Qual é a importância da Laudato si’?
A Laudato si’ certamente é uma encíclica histórica. Ela é importante por pelo menos três motivos. Em primeiro lugar, a Laudato si’ conseguiu capturar o desafio dramático e crítico que enfrentamos atualmente, ou seja, o colapso da nossa própria casa. O primeiro capítulo da encíclica intitulado “O que está acontecendo à nossa casa?” vai direto ao encontro da enormidade desse desafio. O papa conclui o capítulo admitindo que “basta olhar a realidade com sinceridade para ver que há uma grande deterioração da nossa casa comum” (n. 61). A segunda razão pela qual a Laudato si’ é importante é que ela mudou o modo como olhamos e falamos sobre os problemas ambientais. O subtítulo da encíclica é “sobre o cuidado da casa comum”.
O Papa Francisco nos diz que não é apenas um problema ambiental ou mesmo uma conjunto deles. Trata-se da nossa própria casa que está desmoronando. Eu realmente acho que o uso que o Papa Francisco fez da expressão “nossa casa comum” tocou uma corda ressonante em muitos corações. Não estamos falando de algo externo. Estamos falando da nossa própria casa. Quando a nossa casa está pegando fogo, não podemos nos dar ao luxo de sentar e observar passivamente.
A terceira razão pela qual a Laudato si’ é importante é a abordagem da ecologia integral. Ela vê a crise ecológica de uma forma holística, como “o clamor da terra e o clamor dos pobres” (n. 49).
Novamente, não é apenas um texto ambiental, mas também uma encíclica social. De fato, em várias ocasiões o próprio Papa Francisco nos lembrou que a Laudato si’ não é uma encíclica verde, mas social. A abordagem integral é evidente na metafísica ou na filosofia subjacente à encíclica, a saber, o fato de que tudo está interligado, que estamos todos interconectados e somos todos interdependentes (o tema do quarto capítulo da encíclica que traz o título de “Ecologia integral”).
Já se passaram seis anos desde o lançamento da encíclica do papa. Tendo trabalhado de perto no cuidado da criação há vários anos, você viu uma mudança de atitude ou mais pessoas que passaram, por exemplo, a reutilizar, reduzir, reciclar?
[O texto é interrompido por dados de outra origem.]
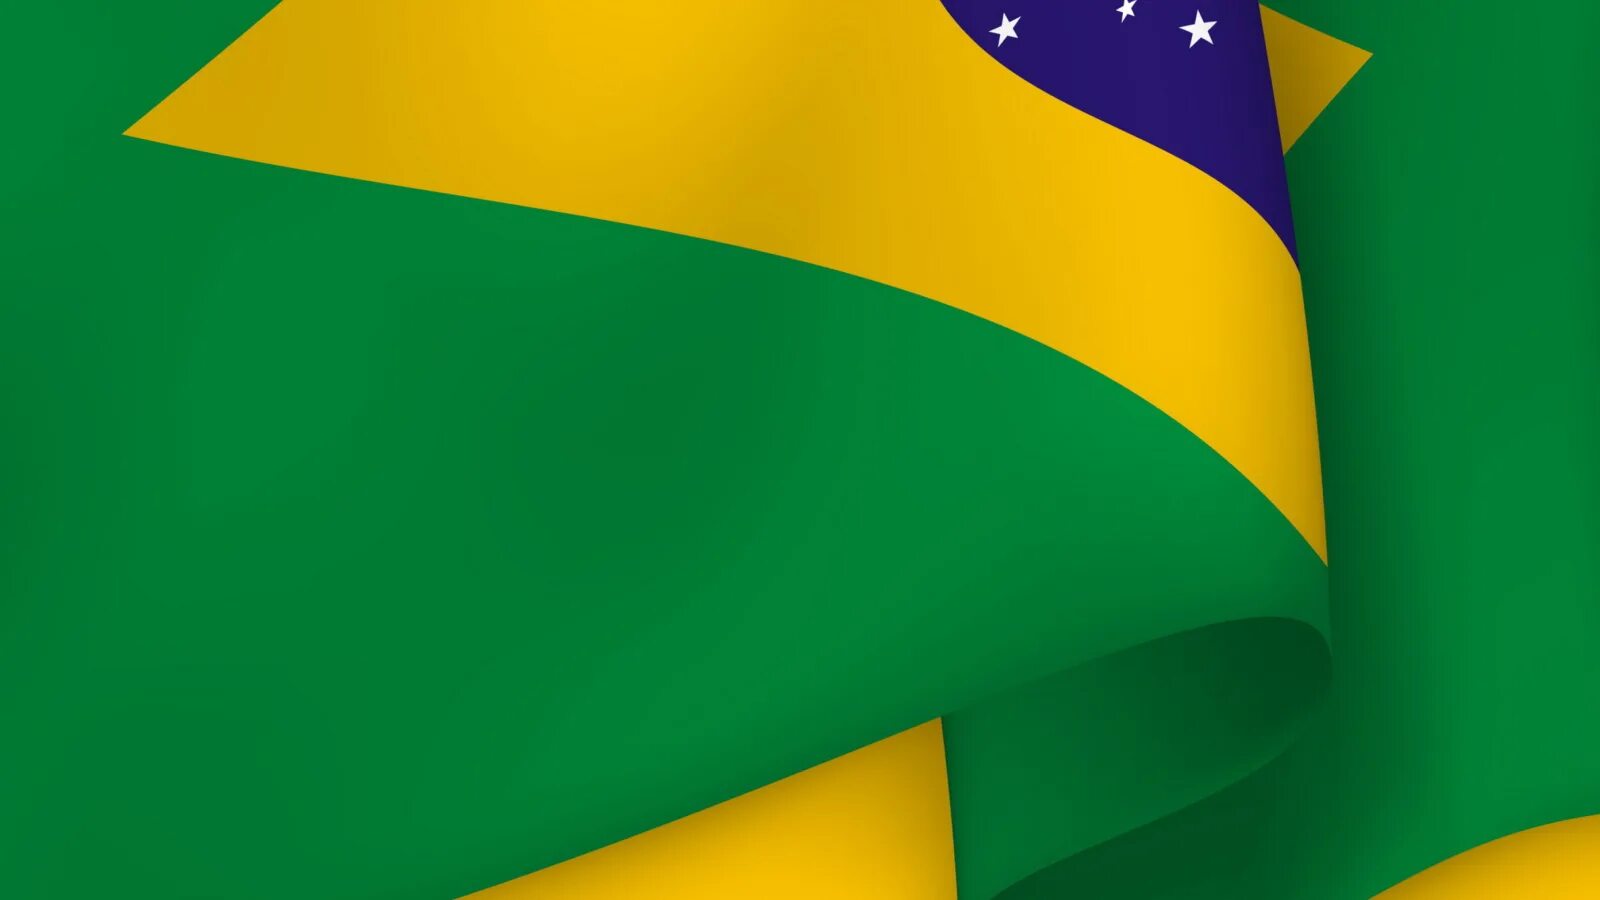 Флаг Бразилии. Бразилия фон для презентации. Флаг на зеленом фоне. Флаг Бразилии фон. Флаг зеленый желтый зеленый вертикально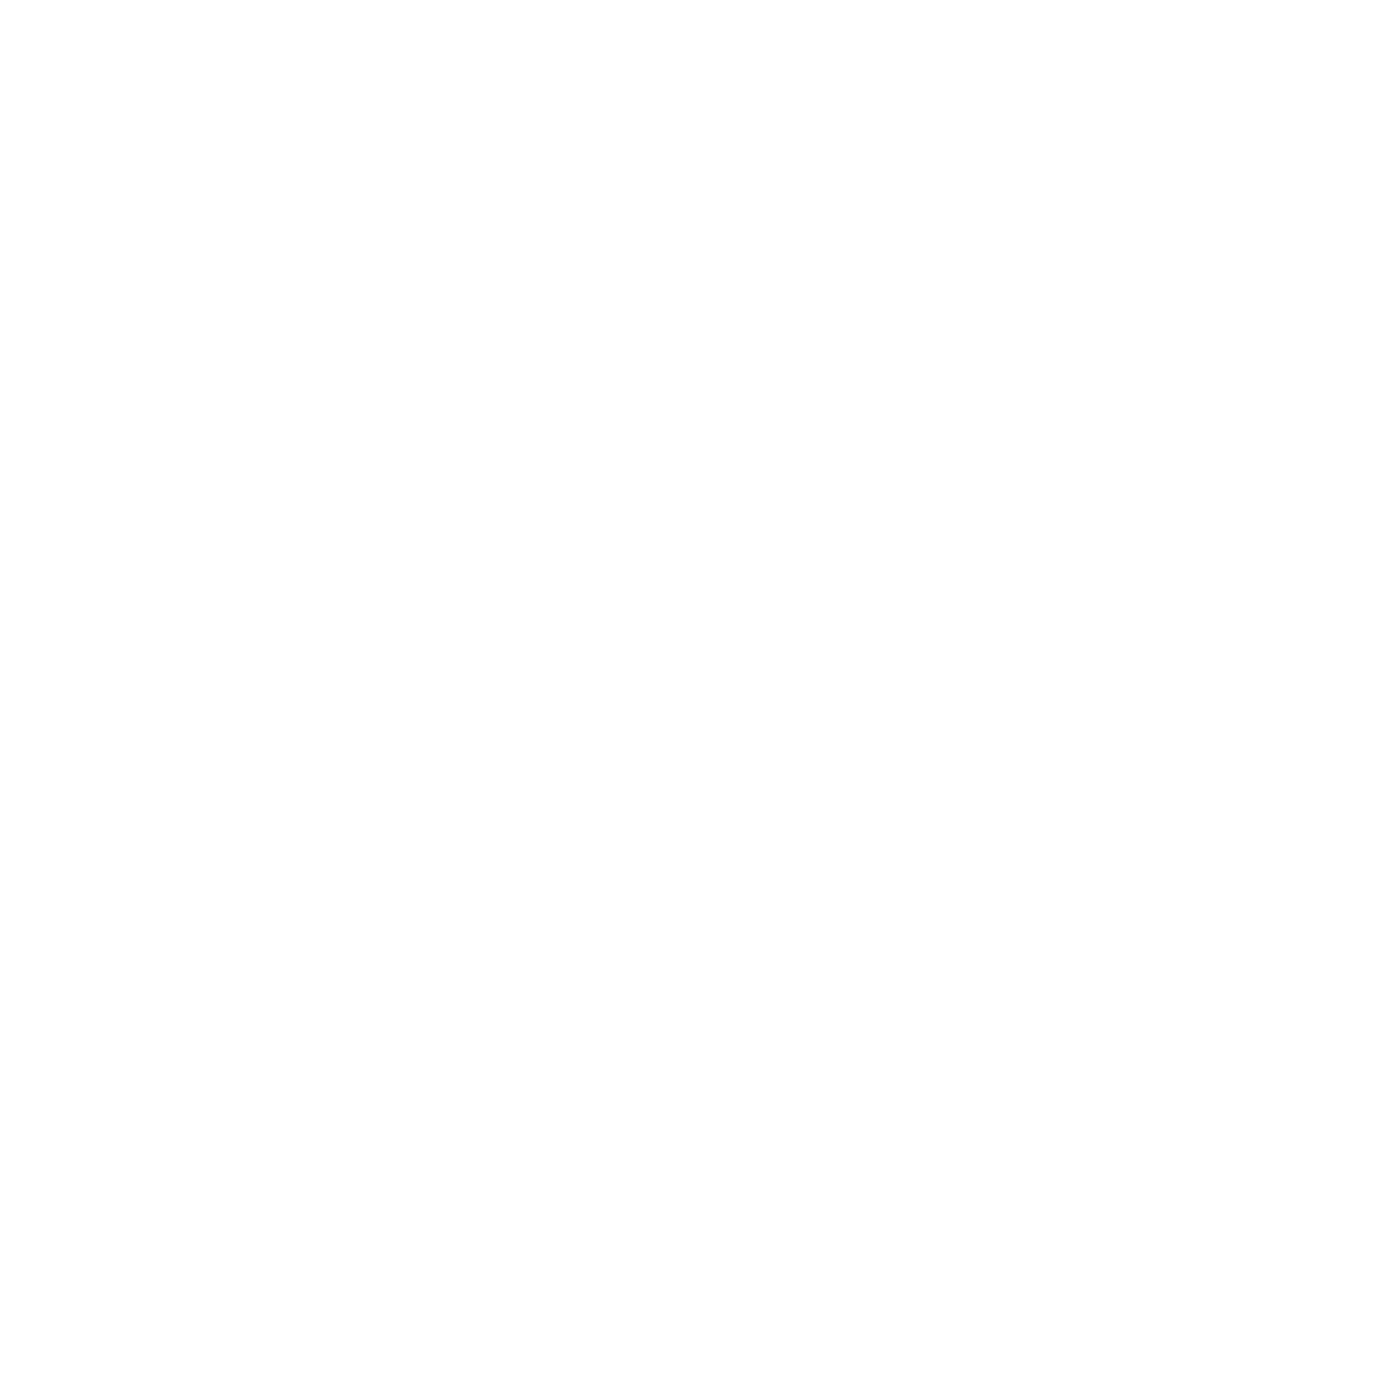 Gazze Destek Organization

Sim, a Laudato si’ foi uma espécie de divisor de águas não apenas para a Igreja, mas também para o mundo inteiro. A influência que ela teve na Igreja Católica é evidente nas numerosas iniciativas que surgiram em muitas comunidades locais na área do cuidado da criação. Isso ficou muito claro no entusiasmo e na criatividade dos católicos de todo o mundo na celebração do Ano Laudato si’, que foi anunciado pelo Papa Francisco no ano passado e que terminará no dia 24 de maio deste ano.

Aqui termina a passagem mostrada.